4. The next failure mode is most common when ML efforts are extensive but disconnected from the rest of the business. The danger here comes from insufficient end-user engagement & training and insufficient cost pressures. The project moves upwards and exits at the top of the diagram. The result is a White Elephant. These projects are generally incredibly expensive, breathtaking in scope and are astounding technical achievements. If only we knew what they did or how to use them. Where possible, these projects tend to be rapidly shelved and everyone involved in them quickly tries to move on. This is not always possible. If you find yourself moving in this direction, focus on delivering rapid iterations, that each provide incremental value to the end-users.

5. If too much effort is spent on end-user engagement and training, the development team can find themselves becoming too responsive to user requests and feedback. In this situation the team is expending considerable effort in developing the core features, and even more in engaging with the end-users, redesigning the system and refactoring code. This scope creep increases the cost of the project, potentially to the point where a positive return on investment can never be achieved by the project. The project may be successful both technically and organisationally, but financially it is a failure. Having and communicating a clear vision for what is in and out of scope for the project is essential to avoid this outcome.

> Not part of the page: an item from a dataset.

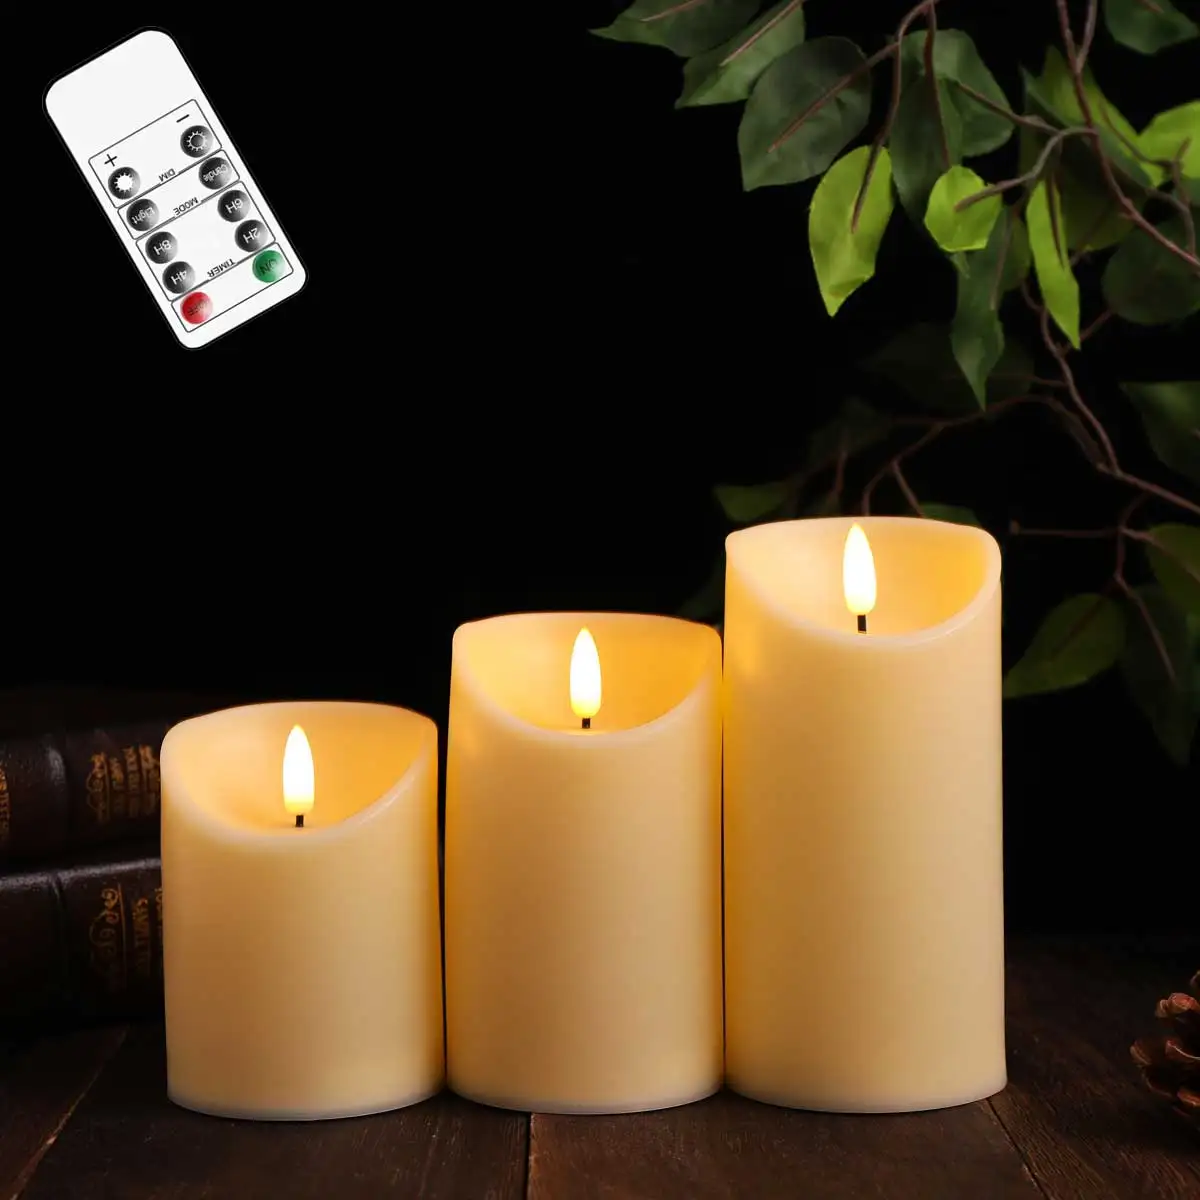 

Pack of 3 Remote Control Battery Operated Pillar Candles,Flameless Flickering Electronic Decorative Votive Easter Candle Sets

6. Finally, the last failure mode is less common overall but more typically a problem for organisations that operate in Consulting & Professional Services. Your organisation may end up spending more time talking to users about the solution than actually implementing it. After establishing a thorough understanding of the problem you are able to identify a brilliant solution. However, faced with insufficient development resources to develop and implement it, all you are able to achieve is to write a compelling report. In academia, you would write a scientific paper instead. In this situation, if it is not possible to rectify the lack of development resources, your best bet will be to develop your theoretical proof of concept into something presented as a Minimum Viable Product.

7. At this stage it may seem like the only way to lead a ML/AI project to success is the impossible solution of investing 100% of effort in each of the three axes. However, the idea of this model is to help you find a balance between each of these factors. “Balance” is the keyword. It is something that’s inherently dynamic, and the optimum mixture of factors will change over the course of the project, as it progresses from a bright idea to an amazing product.